You get the idea. The point is that the days of tracking mean time to detect (MTTD), and mean time to repair (MTTR), have passed. The average dwell time for an attacker is 16-21 days. The-best-in-class security teams can get that down to hours. In the looming future, the time to respond will be measured in minutes, if not seconds.

Automated defenses are called for.

Attacks on Models

The widespread use of AI is an extension of the attack surface. Now both foundational models from OpenAI, Anthropic, etc., and models deployed within organizations, have to be defended against multiple types of attacks. Data poisoning is one attack methodology. A malicious actor could seek to change the behavior of a model by changing the training data, or changing the weights after training. In this way, errors could be introduced or general sentiment of output could be changed. Prompt injection is a technique by which the user of an LLM attempts to break its guardrails with cleverly constructed prompts.
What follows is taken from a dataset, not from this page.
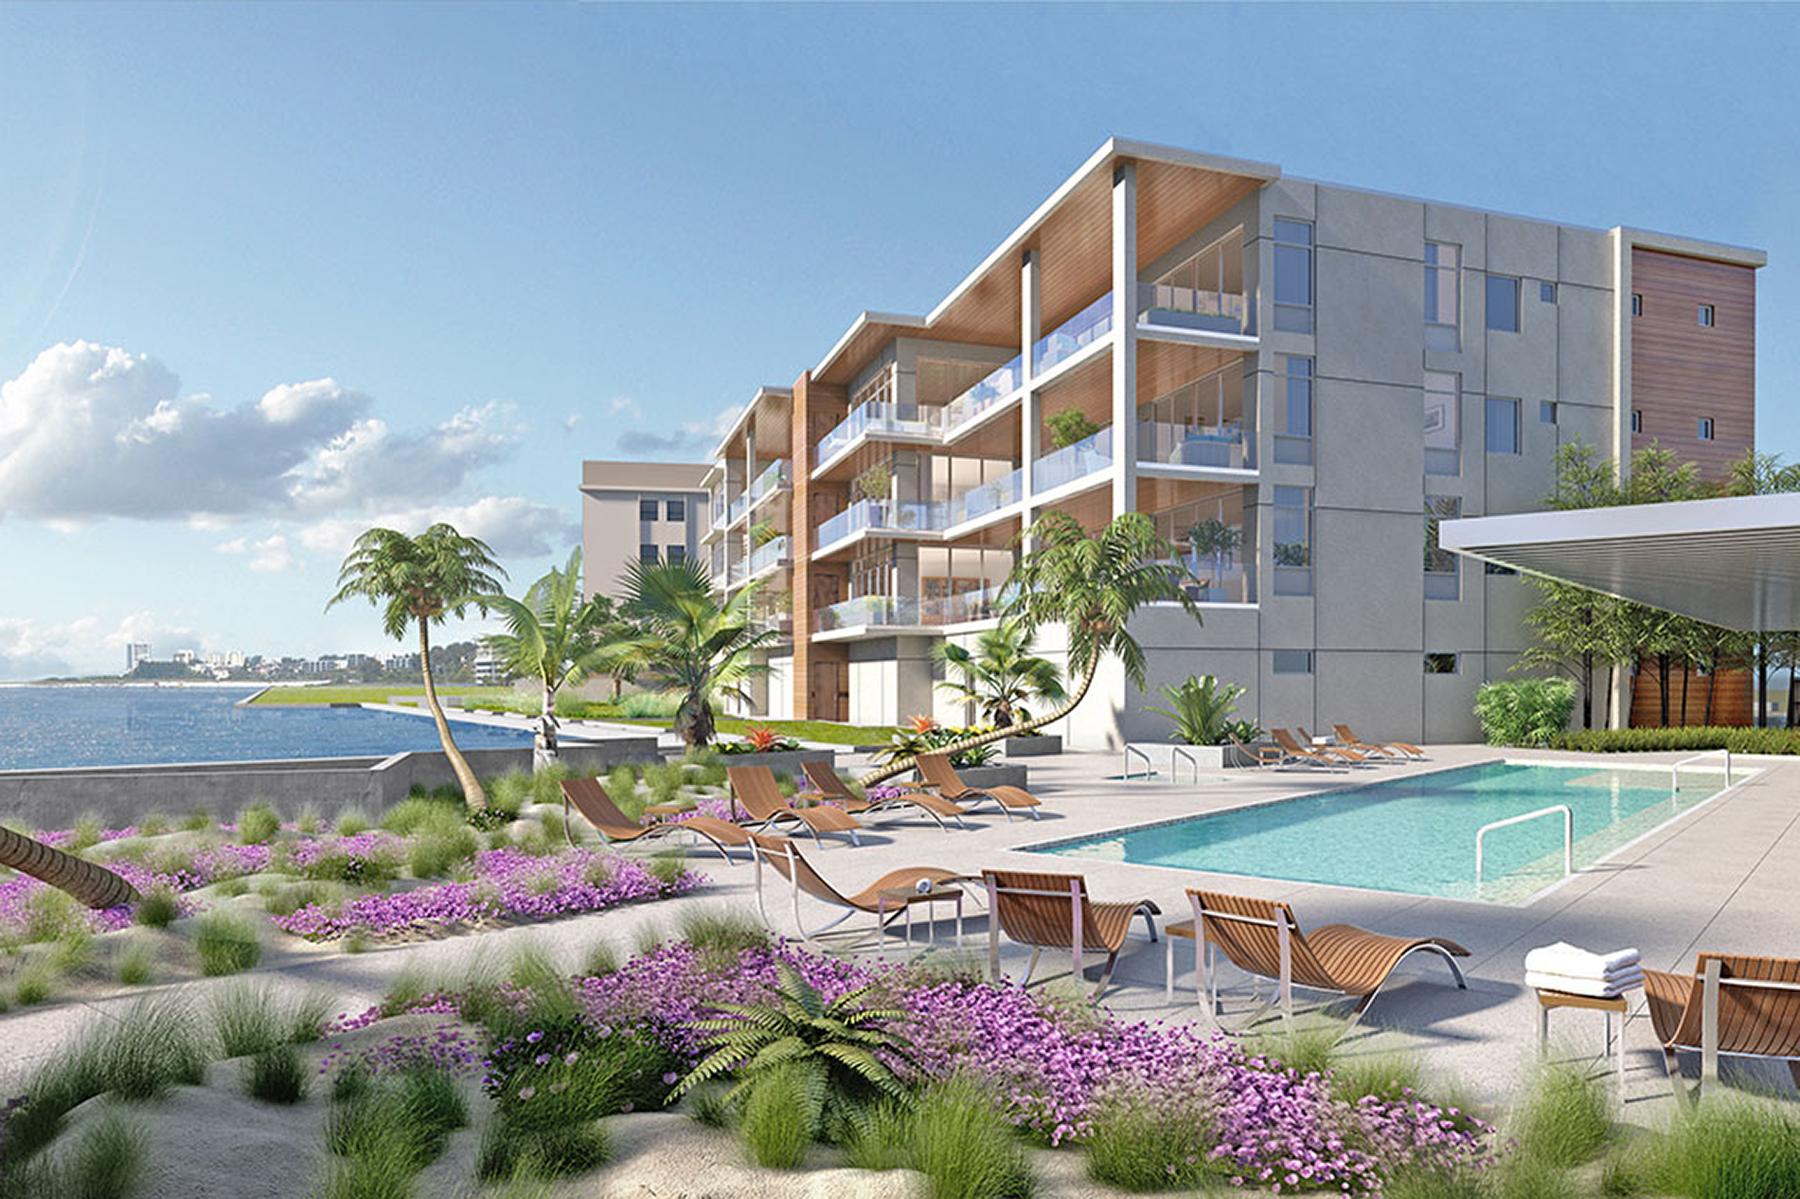 Condomínio para Venda às 4740 Ocean Blvd , 301 Penthou, Sarasota, FL 34242 4740 Ocean Blvd 301 Penthou Sarasota, Florida, 34242 Estados Unidos

Indirect prompt injection is a technique that somehow intercepts a prompt and changes or adds to it so that the output is corrupted. An indirect prompt injection can be very hard to detect. When Google Gemini added its AI assistant to gmail, researchers demonstrated that they could send a victim an email with whited out instructions to issue a security warning. When the victim clicked on “Summarize email,” Google Gemini would read the hidden text and take action as if it was an instruction in a prompt. The user would see an URGENT message to click a link.

Attacks on Agents

As agents are empowered with access to tools, they become targets. Now they have user privileges and access to all the data those tools have access to.

Early versions of the rapidly adopted OpenClaw came with issues. A remote code execution vulnerability was discovered and exploited that gave access to anyone’s “Clawdbot” and the system it was running on. OpenClaw’s own Skills marketplace was of course filled with skills files that contained backdoors or took other malicious actions. Agents are the new frontier of applied AI and will have to be protected. Providing credentials and identities to agents is a popular approach. Monitoring and defending MPC gateways is another.

It is safe to assume that any attack vector of the past is going to be amplified by AI in the future. Scams, phishing, and business email compromise will of course be influenced by AI. And that’s just the beginning — DDoS, worms, network infiltration, and other vectors will also be leveraged by newly empowered attackers. It is no surprise that there are already so many solutions to AI security issues.